Two lines in the data below mark the range: the one with "Farbenfrohe souvenirs aus" and the one with "Плошадь S =—". Return both, along with every line between them, exactly.
[[ ENTRIES PROVIDED open ]]
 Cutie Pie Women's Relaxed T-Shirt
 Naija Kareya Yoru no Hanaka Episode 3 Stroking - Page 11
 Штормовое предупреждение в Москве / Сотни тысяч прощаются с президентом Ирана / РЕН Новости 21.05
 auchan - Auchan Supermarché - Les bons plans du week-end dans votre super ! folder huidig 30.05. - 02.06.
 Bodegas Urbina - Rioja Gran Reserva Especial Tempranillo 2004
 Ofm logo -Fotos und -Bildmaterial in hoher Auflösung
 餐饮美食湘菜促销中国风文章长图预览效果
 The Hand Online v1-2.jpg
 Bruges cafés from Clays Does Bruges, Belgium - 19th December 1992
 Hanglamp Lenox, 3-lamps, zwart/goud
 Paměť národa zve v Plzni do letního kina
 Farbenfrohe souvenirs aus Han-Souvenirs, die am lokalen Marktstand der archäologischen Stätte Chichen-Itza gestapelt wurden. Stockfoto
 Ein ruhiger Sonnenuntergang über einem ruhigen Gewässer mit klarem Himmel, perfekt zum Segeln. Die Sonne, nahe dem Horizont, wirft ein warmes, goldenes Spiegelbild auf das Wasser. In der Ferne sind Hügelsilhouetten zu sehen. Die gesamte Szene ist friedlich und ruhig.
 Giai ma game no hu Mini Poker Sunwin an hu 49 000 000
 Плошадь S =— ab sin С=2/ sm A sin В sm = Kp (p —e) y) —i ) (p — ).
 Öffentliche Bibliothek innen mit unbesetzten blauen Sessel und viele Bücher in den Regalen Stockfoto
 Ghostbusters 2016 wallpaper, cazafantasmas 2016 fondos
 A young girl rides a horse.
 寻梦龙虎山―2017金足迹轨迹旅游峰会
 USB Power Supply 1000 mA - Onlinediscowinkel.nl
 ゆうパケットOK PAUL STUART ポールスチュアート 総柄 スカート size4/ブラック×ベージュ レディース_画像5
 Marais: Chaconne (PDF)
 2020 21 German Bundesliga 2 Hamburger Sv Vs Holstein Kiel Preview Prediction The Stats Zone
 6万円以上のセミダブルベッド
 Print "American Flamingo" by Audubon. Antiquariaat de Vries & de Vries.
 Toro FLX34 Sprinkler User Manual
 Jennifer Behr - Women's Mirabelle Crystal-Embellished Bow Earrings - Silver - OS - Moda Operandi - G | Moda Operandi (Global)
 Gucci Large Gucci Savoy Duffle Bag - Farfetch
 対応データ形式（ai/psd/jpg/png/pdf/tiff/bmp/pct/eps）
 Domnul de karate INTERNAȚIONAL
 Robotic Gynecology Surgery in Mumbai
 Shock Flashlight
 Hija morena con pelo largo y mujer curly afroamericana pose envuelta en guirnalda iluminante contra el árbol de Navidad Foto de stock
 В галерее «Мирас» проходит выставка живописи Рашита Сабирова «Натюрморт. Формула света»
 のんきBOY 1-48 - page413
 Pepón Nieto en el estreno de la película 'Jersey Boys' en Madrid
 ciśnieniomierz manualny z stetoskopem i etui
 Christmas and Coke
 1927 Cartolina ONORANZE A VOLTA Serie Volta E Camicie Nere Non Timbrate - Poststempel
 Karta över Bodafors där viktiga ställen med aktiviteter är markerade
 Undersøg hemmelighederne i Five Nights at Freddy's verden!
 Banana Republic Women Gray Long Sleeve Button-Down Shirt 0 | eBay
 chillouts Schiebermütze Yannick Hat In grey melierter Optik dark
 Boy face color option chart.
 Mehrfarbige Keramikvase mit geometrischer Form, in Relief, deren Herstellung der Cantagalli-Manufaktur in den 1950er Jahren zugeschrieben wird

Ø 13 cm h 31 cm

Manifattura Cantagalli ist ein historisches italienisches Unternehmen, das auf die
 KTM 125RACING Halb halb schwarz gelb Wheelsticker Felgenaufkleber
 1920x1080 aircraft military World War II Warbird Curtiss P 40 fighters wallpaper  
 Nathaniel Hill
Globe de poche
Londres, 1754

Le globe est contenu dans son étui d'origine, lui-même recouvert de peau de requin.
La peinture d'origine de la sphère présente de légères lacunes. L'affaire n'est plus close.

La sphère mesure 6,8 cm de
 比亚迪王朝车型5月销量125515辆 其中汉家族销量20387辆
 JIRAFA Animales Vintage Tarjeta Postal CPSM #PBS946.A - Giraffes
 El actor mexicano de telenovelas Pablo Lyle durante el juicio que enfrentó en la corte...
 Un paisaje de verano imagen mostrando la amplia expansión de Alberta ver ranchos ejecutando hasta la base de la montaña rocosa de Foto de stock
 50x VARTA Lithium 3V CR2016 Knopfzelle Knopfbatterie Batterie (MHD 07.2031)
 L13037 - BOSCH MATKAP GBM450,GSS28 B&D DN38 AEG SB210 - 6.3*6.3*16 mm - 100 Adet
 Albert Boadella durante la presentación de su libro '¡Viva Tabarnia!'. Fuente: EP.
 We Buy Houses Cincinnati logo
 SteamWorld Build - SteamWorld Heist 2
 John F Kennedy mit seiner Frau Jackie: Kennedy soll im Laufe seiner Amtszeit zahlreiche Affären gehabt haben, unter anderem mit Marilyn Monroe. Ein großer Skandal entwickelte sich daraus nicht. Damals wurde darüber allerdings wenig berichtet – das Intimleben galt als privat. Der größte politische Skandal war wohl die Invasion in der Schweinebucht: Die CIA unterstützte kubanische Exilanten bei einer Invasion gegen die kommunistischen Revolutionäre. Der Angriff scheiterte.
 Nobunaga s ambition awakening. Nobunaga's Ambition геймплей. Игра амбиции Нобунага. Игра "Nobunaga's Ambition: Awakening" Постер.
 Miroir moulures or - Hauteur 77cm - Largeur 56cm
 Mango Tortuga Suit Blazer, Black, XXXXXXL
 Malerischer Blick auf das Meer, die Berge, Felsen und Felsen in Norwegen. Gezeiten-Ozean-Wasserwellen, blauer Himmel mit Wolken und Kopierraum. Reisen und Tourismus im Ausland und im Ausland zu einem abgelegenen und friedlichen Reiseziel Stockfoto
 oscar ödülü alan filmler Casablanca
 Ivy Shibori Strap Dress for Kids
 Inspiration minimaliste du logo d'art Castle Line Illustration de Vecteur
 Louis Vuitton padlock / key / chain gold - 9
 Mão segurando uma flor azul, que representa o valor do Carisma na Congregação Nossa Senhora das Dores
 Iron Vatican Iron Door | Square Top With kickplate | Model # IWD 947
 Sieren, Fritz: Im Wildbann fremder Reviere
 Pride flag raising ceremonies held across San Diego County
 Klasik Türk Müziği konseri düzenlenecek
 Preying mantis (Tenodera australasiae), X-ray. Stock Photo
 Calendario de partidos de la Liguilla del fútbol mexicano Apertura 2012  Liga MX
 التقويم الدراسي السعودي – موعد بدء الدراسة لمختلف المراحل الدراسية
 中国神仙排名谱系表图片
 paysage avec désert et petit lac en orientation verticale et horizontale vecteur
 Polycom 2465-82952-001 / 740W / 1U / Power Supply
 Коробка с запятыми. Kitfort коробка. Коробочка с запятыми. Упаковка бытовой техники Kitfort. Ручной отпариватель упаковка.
[[ ENTRIES PROVIDED closed ]]
### EXERCISE ANSWER
 Farbenfrohe souvenirs aus Han-Souvenirs, die am lokalen Marktstand der archäologischen Stätte Chichen-Itza gestapelt wurden. Stockfoto
 Ein ruhiger Sonnenuntergang über einem ruhigen Gewässer mit klarem Himmel, perfekt zum Segeln. Die Sonne, nahe dem Horizont, wirft ein warmes, goldenes Spiegelbild auf das Wasser. In der Ferne sind Hügelsilhouetten zu sehen. Die gesamte Szene ist friedlich und ruhig.
 Giai ma game no hu Mini Poker Sunwin an hu 49 000 000
 Плошадь S =— ab sin С=2/ sm A sin В sm = Kp (p —e) y) —i ) (p — ).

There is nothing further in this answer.